Site iconCaribbean Journal

Haiti Receives $50 Million IDB Grant for Children’s Education

Above: the Academy for Peace and Justice, a free secondary school in Haiti

By the Caribbean Journal staff

Haiti will soon receive a $50 million grant from the Inter-American Development Bank to be used for children’s education, the Bank announced.

The grant looks to improve education for as many as 360,000 children in Haiti, through the construction of new schools, tuition-free primary education, student health programmes and strengthening the Ministry of Education and Professional Training.

As part of the grant, 20 new schools will be built, benefiting a total of 8,200 children, the Bank said, from preschool through ninth grade.

The schools will feature libraries, sanitary facilities, a school canteen and energy and water systems. They will also be made accessible to disabled children. (For more on Haiti’s efforts to improve handicapped access, click here).

The grant will also subsidize education for 35,000 children attending non-primary public schools for a two-year period.

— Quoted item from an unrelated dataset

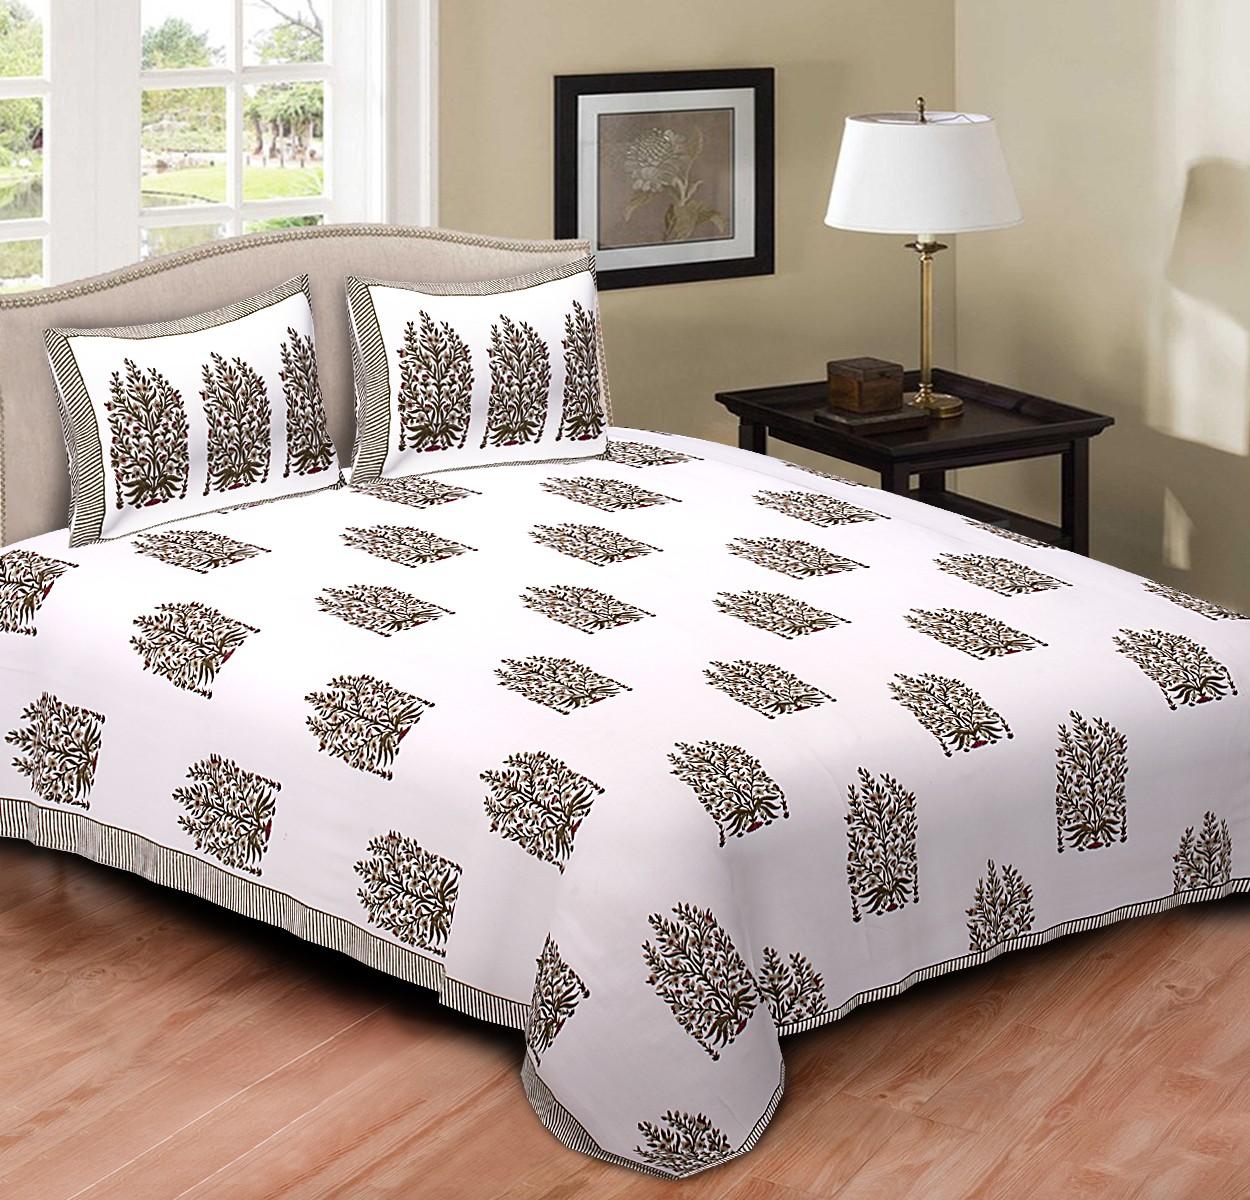 Bedspreads and bedsheet sets

Haiti already has a tuition waiver programme for many students in the country, one that is financed by the government, the Caribbean Development Bank, CIDA, the Global Partnership for Education and the World Bank.

Haiti Prime Minister Laurent Lamothe told Caribbean Journal in an interview Wednesday that the government’s free education initiative had brought free schooling for almost 1.3 million children in Haiti.

Another component of the programme will fund bi-annual deworming campaign for 300,000 children. It will additionally support 100 schools which enroll 15,000 children in a “Hygiene Friendly” certification, aimed at improving health practices among Haiti’s youth.